In a similar way, I have no reason to take the probability of velocity in a particular direction more than other. So, the probability of a particle moving in any direction should also be uniform. This gives me $P(\theta) d\theta = \frac{ d \theta} {\pi}$. What is wrong with this logic? I didn't get it.

10. Dec 5, 2017

haruspex

But that is not treating all directions equally. It is treating all angular deviations from a given direction equally, which is not the same thing. The choice of that reference direction creates a bias.

11. Dec 5, 2017

Pushoam

From now on I will write x as s (cylindrical coordinate ) as I am considering spherical coordinate system. Then $\theta$is the angle which the velocity vector makes with z- axis.

And I have to consider the particles which hit the y- x surface. So, I have to calculate $<v_z>$.

So, the probability that the particle's velocity will be in a direction between $\theta ~ and ~ \theta + d\theta$ from z- axis is P($\theta$) = $\frac {d \theta } { \pi }$ in s-z plane.

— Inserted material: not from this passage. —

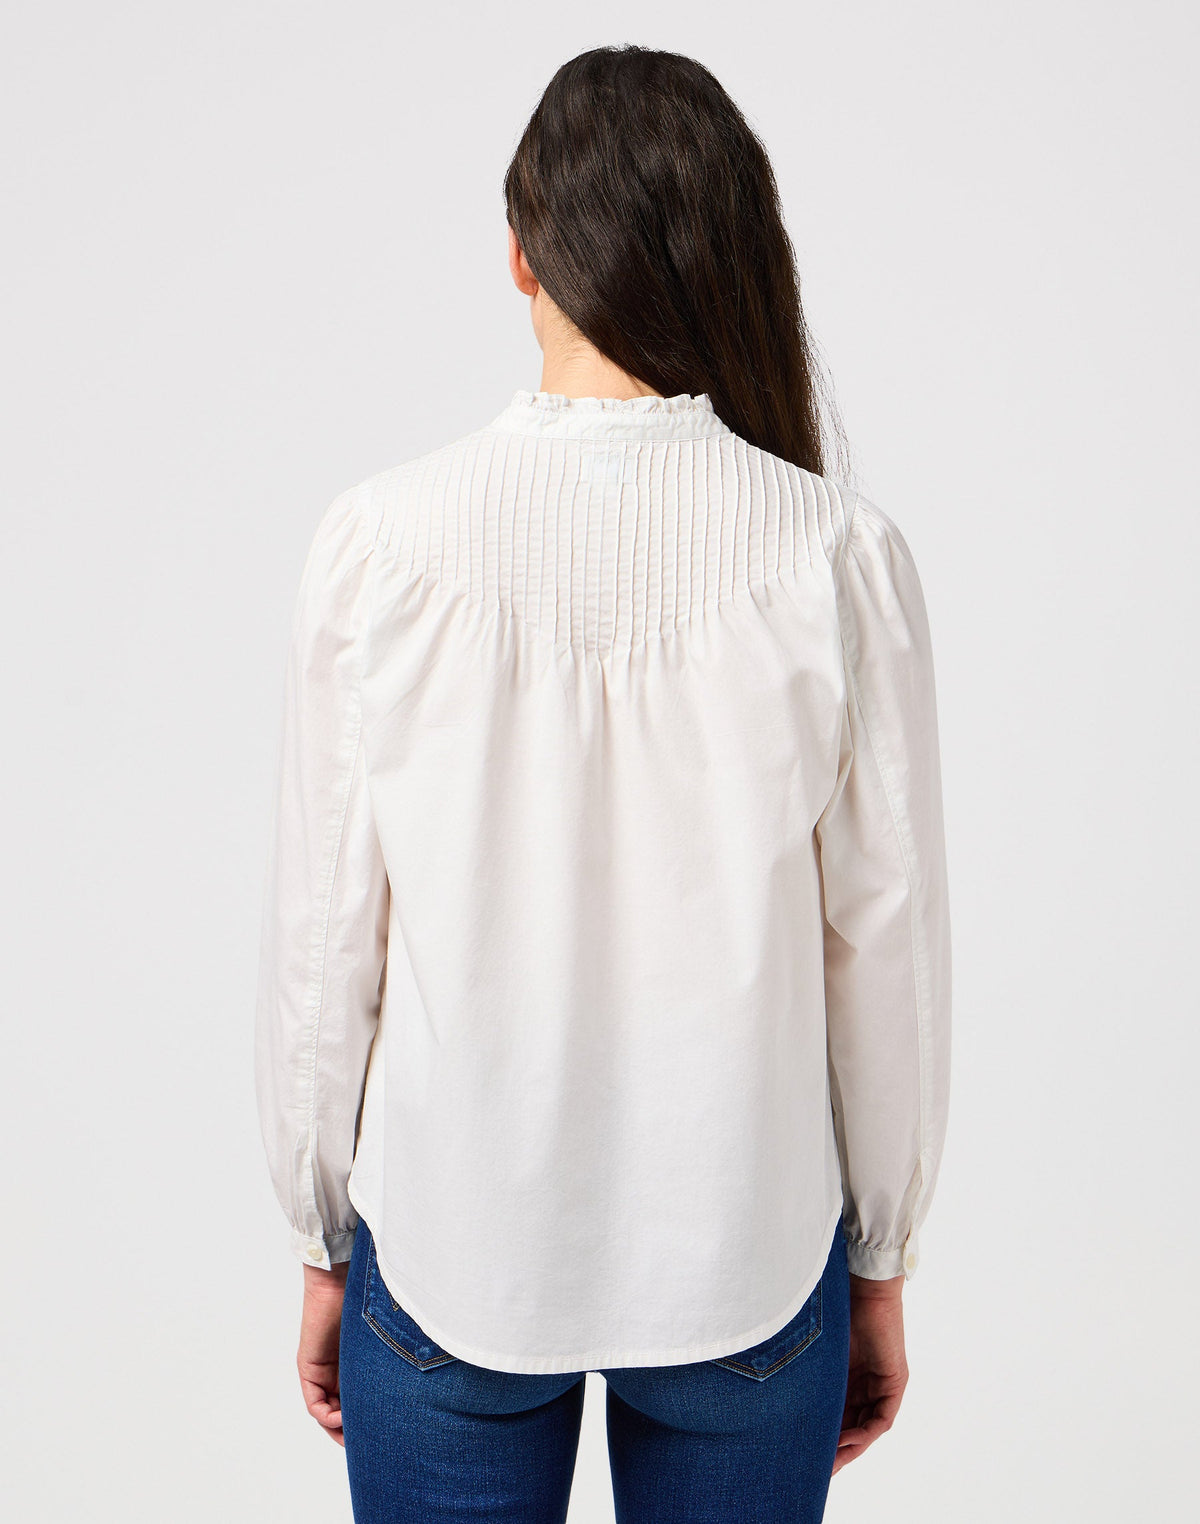 Pintuck Blouse in White

But, here s- axis is the projection of velocity vector upon x – y plane. Since, the velocity vector is changing, this axis, too, is changing. So, I unknowingly assumed that velocity vector is changing in such a way that its projection upon x-y plane remains constant in direction. This is where I am wrong. Right?

12. Dec 5, 2017

Pushoam

The above tells me the probability of the particle hitting the surface.
It doesn't tell me the probability of the particle moving in a certain direction.

Another way is:

$P(\theta ) d \theta$ = $\frac { \text { The area between the angle } \theta ~and~ \theta + d \theta } {\text { The area between the angle } \frac { - \pi } {2 } ~ to ~ \frac { \pi } {2 } } = \frac { 2 \pi R^2 \sin \theta d\theta } {4 \pi R^2 } = \frac {\sin \theta d\theta } { 2 }$

I don't see the connection between the above and the idea that the above is the way one can treat all directions equally.

13. Dec 5, 2017

haruspex

As I wrote, if you consider a particle emitted from the centre of a sphere, all directions equally likely must be the same as the probability of hitting a given patch of the surface being proportional to the area of the patch.

14. Dec 5, 2017

Pushoam

Is this an experimental fact which could not be proved but verified experimentally?

15. Dec 6, 2017

haruspex

I would say it is the definition of "all directions equally likely". Actually, that is not a proper statement anyway since there are infinitely many directions and each by itself has probability zero. It needs to be expressed in terms probability densities, and I do not see any way to do that other than referring to solid angles, and solid angles are defined in terms of areas projected from a point.